Given a nudge, the Schor administration appears to be responding.

“We will look at opportunities to install non-motorized options wherever we can, and we have already taken steps to do this in several areas of the city (including the new Eastside Connector),” Schor wrote Cooper in an email. “If we can make Mt. Hope work here, then it is certainly worth looking at.”

Mt. Hope would be a good through corridor for bicycles to cross Lansing’s south side. But the road narrows near Pennsylvania Avenue, and Kilpatrick is reluctant to recommend taking out the center turn lane, which would have to be studied. The city relies heavily on center turn lanes throughout its grid to avoid rear-end accidents. The third lane for cars also helps traffic zip through town faster.
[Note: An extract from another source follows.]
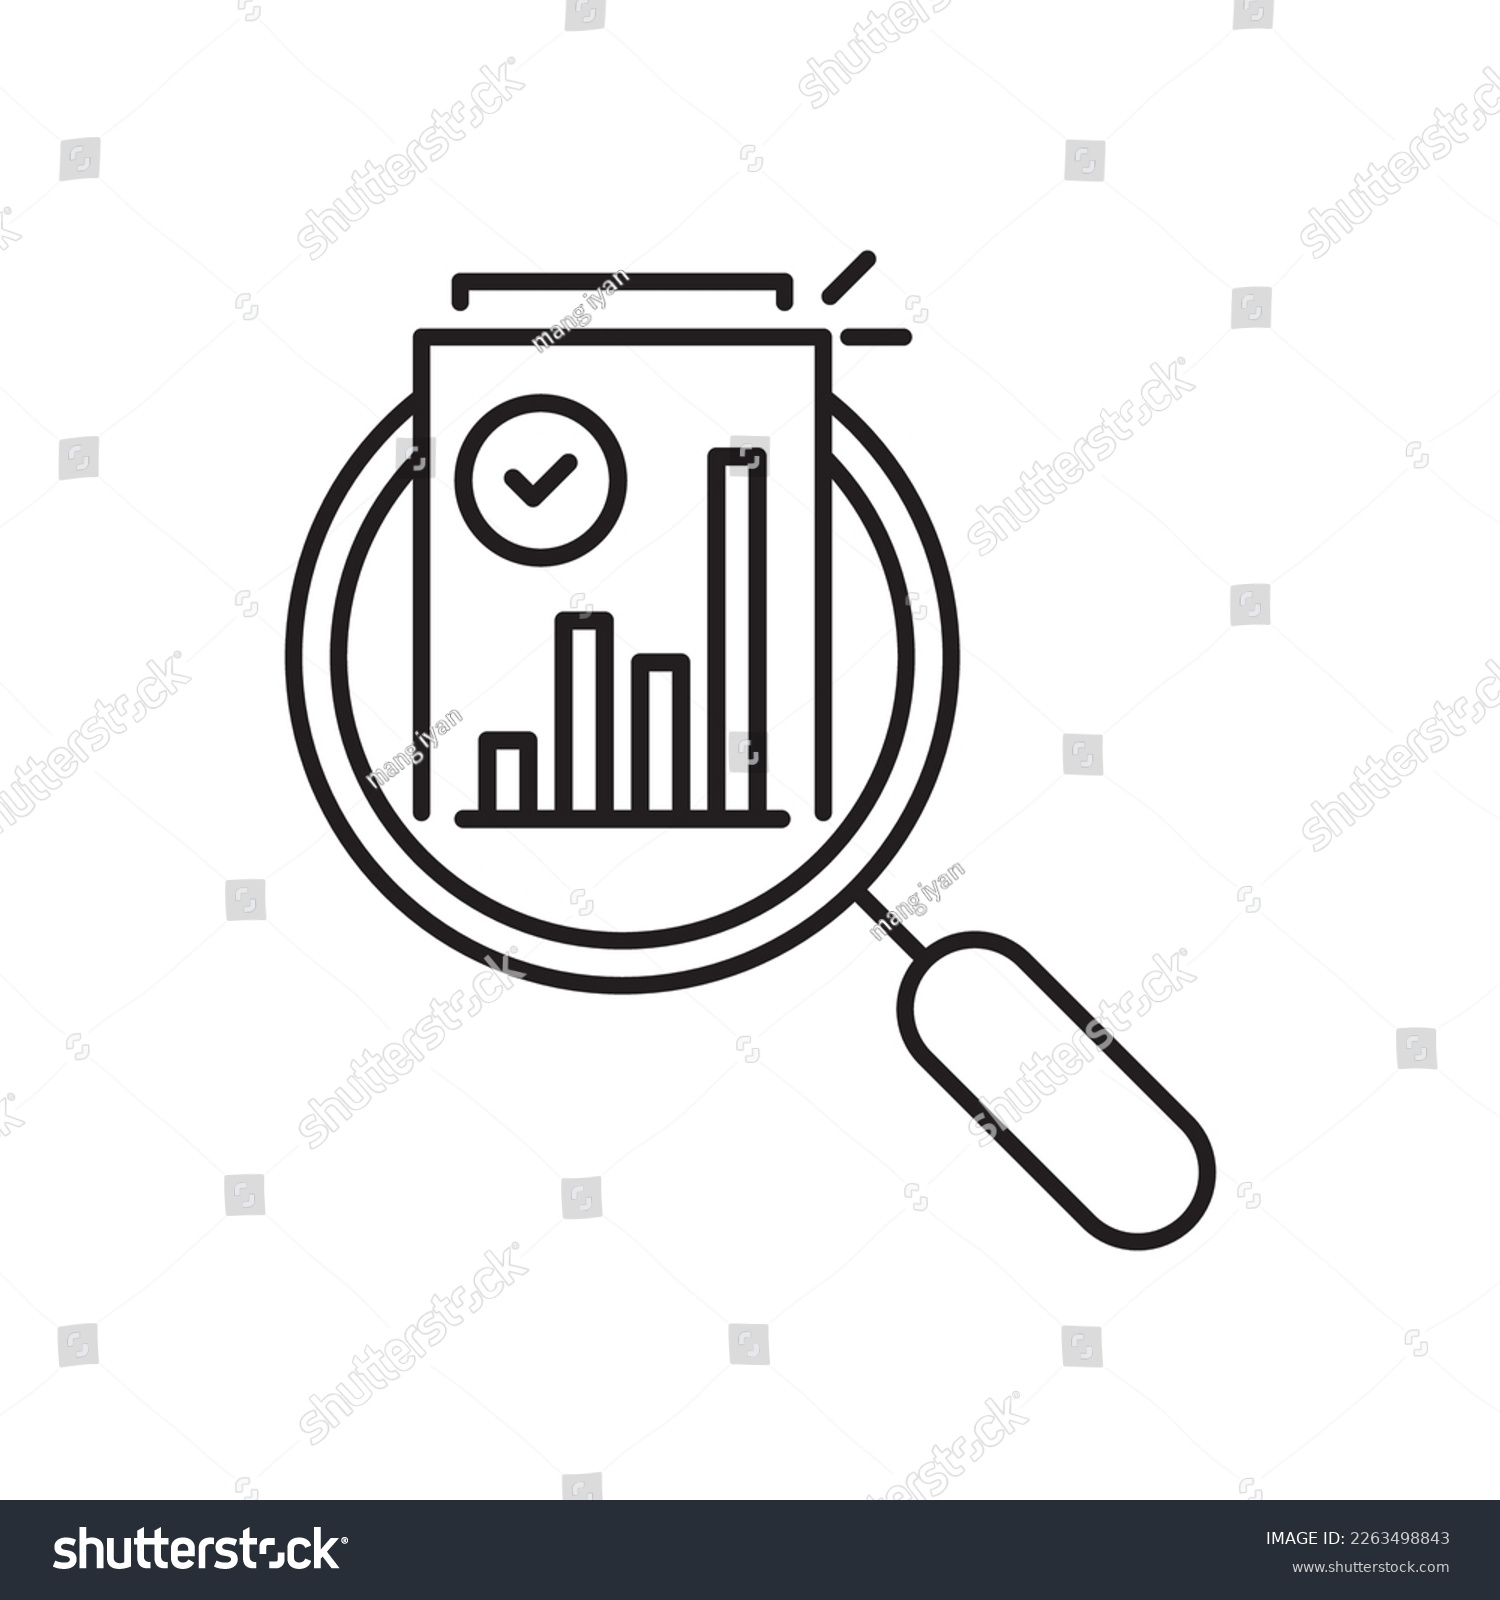 thin line magnifier like income scrutiny overview icon. flat trend lineart simple exam or profit logotype stroke art web design isolated on white. concept of inspection pictogram or survey symbol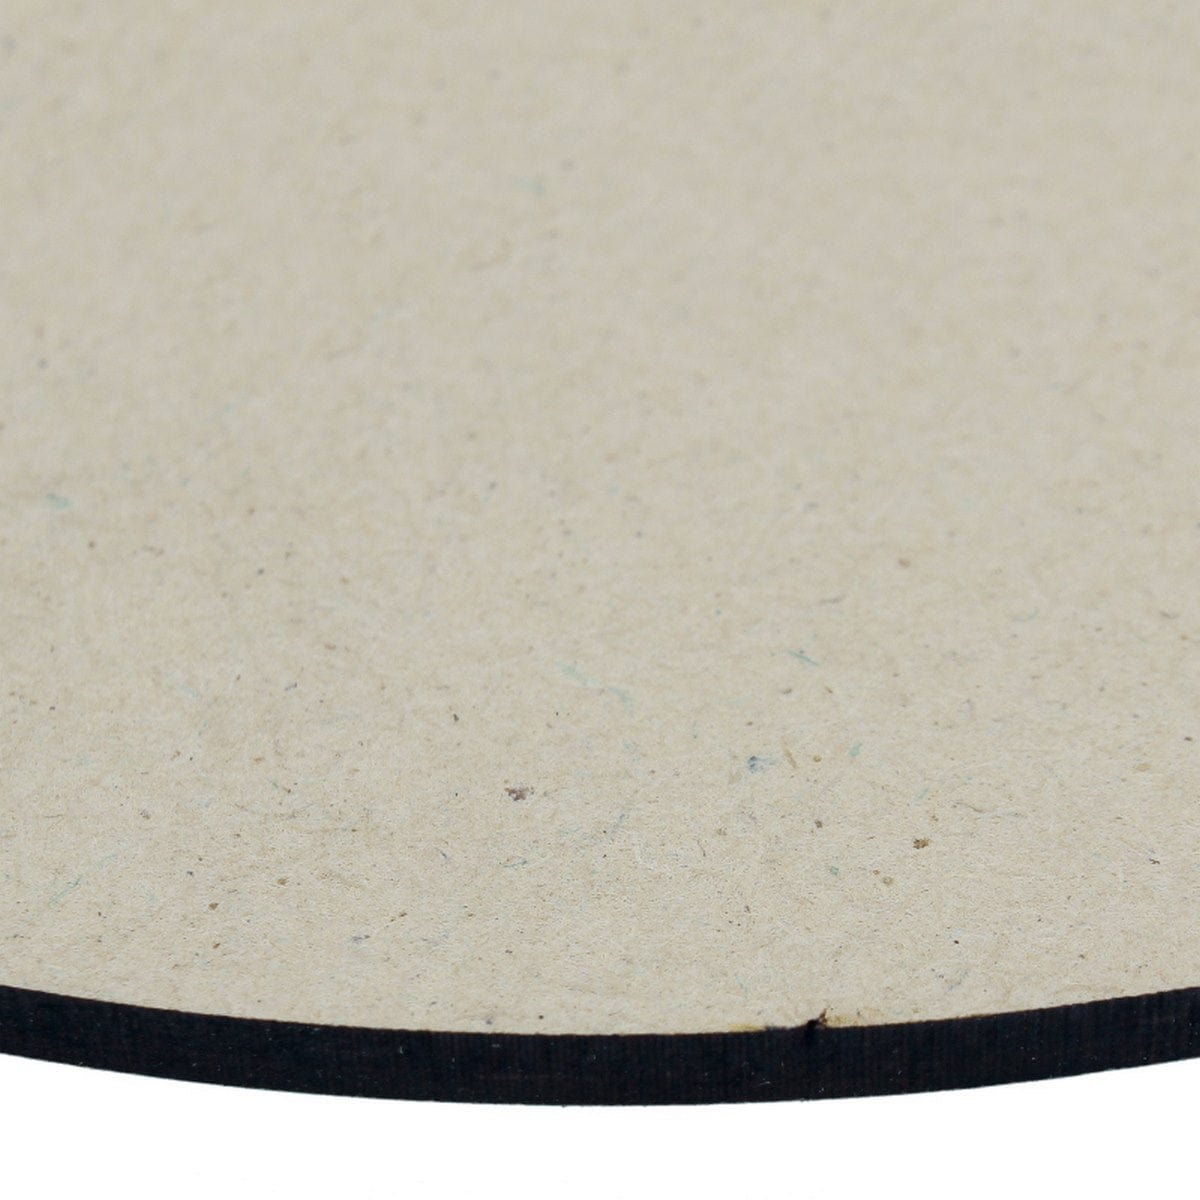 jags-mumbai MDF MDF Plate Round 6 Inch [4mm] (Contain 1 Unit) - Durable and Versatile

Bicycle activists, however, question sections of streets like Mt. Hope that have three lanes for cars and no lanes for bikes. “Does it really need a center turn lane for block after block?” asked Tim Potter, a sustainable transportation manager at MSU.

Kilpatrick had bad news for motorists and cyclists dodging the chuckholes on Kalamazoo Street — the primary east-west cycling corridor from East Lansing to downtown. The street was meant to be paved this year, but the rising cost of asphalt pushed all bids beyond the city’s budget, canceling the project.

The street now may not be repaved until 2021, having lost its place in the queue behind other streets in disrepair, such as Aurelius, Delta River Drive and Jolly Road — all of which will be redone next year. Pennsylvania Avenue will likely be reconstructed in 2021 as well. There are no plans to repave the rest of potholed Mt Hope Avenue west of Aurelius, except to redo the streets after more pipe work underneath.

If Democratic Gov. Gretchen Whitmer and the Republican Legislature strike a deal this fall on a transportation package, it would be a boon for cash-strapped cities with aging infrastructure like Lansing, but motorists would likely see little improvement immediately.

Kilpatrick said it can take six months to set the design for roadworks, and its best to bid on construction jobs in winter — before demand and the cost goes up with spring and summer weather next year. Lansing could add some work to the end of its 2020 schedule, but more likely a package would help the city keep up with road maintenance in the new decade.